D. Mega Is Entitled to Summary Judgment on Kessell's Bad Faith Claim
Kessell's bad faith claim is legally and factually baseless. Numerous cases hold that no cause of action exists under Texas law for bad faith dealings in the employment context. E.g. City of Midland v. O'Bryant, 18 S.W.3d 209, 216 (Tex. 2000) (declining to impose a duty of good faith and fair dealing on employers in light of existing statutory scheme governing the employment relationship). Kessell cites no authority in support of her contention that such an action exists.

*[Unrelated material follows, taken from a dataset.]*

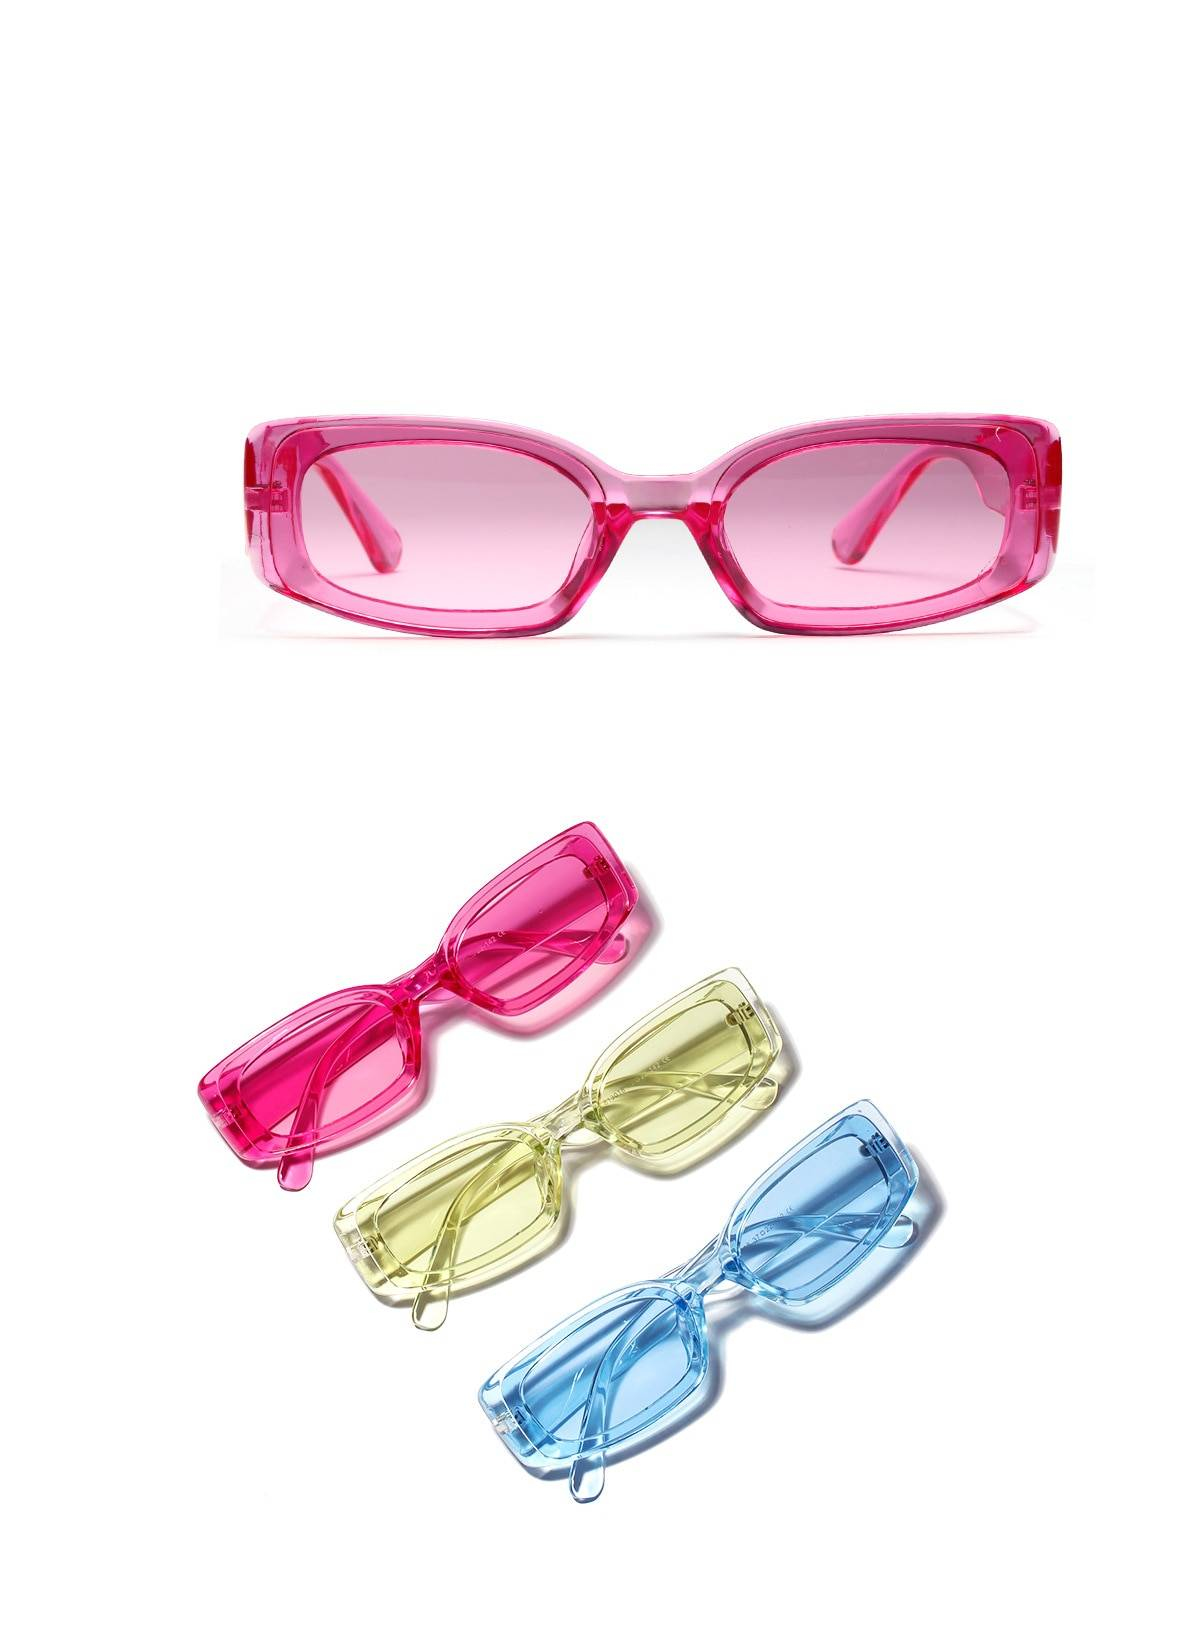 Nouvelle mode Vintage lunettes de soleil femmes marque concepteur rétro lunettes de soleil Rectangle lunettes de soleil femme UV400 lentille lunettes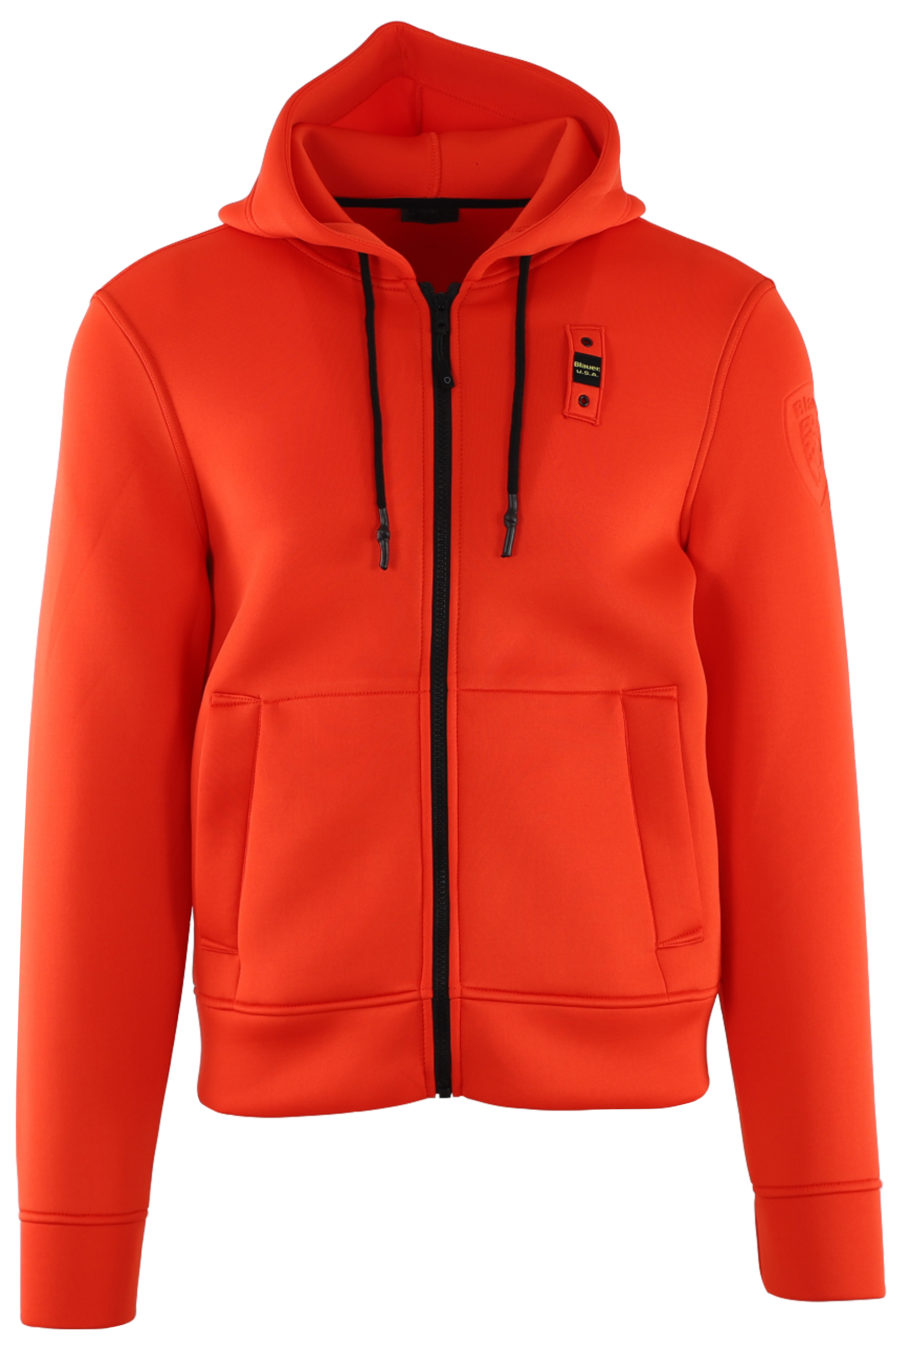 Orange neoprene sweatshirt with hood and zip - IMG 0509

Moreover, in her deposition, Kessell professed ignorance as to the factual basis of this claim. The Complaint states that "Defendant in bad faith denied Plaintiff's medical expenses in violation of the agreement to provide medical coverage. Plaintiff submitted reimbursement forms for doctors visits and medication as required. Each request was denied. Plaintiffs seeks all damages for medical expenses which were not reimbursed as required." Kessell, however, was unable to give an example of a reimbursement request that Mega had denied. When the bad faith section of her complaint was read to her, Kessell stated that she was "not sure" as to the factual basis of the claim, and that the only nonpayment of medical benefits she was aware of was that associated with the then prospective loss of her health insurance. Kessell changes her story again in her response to the present motion, stating that the basis of this claim is alleged bad faith related to the MSA and her January 2003 termination. This is not the claim she pled. The bad faith claim in the complaint, in addition to being legally baseless, is not supported by any summary judgment evidence. Accordingly, Mega is entitled to summary judgment on this claim.
V. CONCLUSION
The Court rejects Kessell's claim that Mega has breached the MSA, and that she is entitled to rescission of that agreement. Her ADA claims, to the extent they are based on conduct covered under the MSA, are barred. Moreover, as Kessell presents no evidence of retaliation or discrimination in connection with her January 31, 2003 termination, other than her claim that it constituted a breach of the MSA, her employment discrimination claims based on the termination are factually baseless such that no reasonable jury could find in her favor on those claims. Kessell's claim for intentional infliction of emotional distress similarly fails, because she alleges no conduct on Mega's part that a jury could reasonably find to be "extreme and outrageous." Finally, Kessell's claim for "bad faith" is both legally and factually baseless. Accordingly, no issues of material fact remain, and Mega is entitled to judgment as a matter of law on all claims. It is so ordered.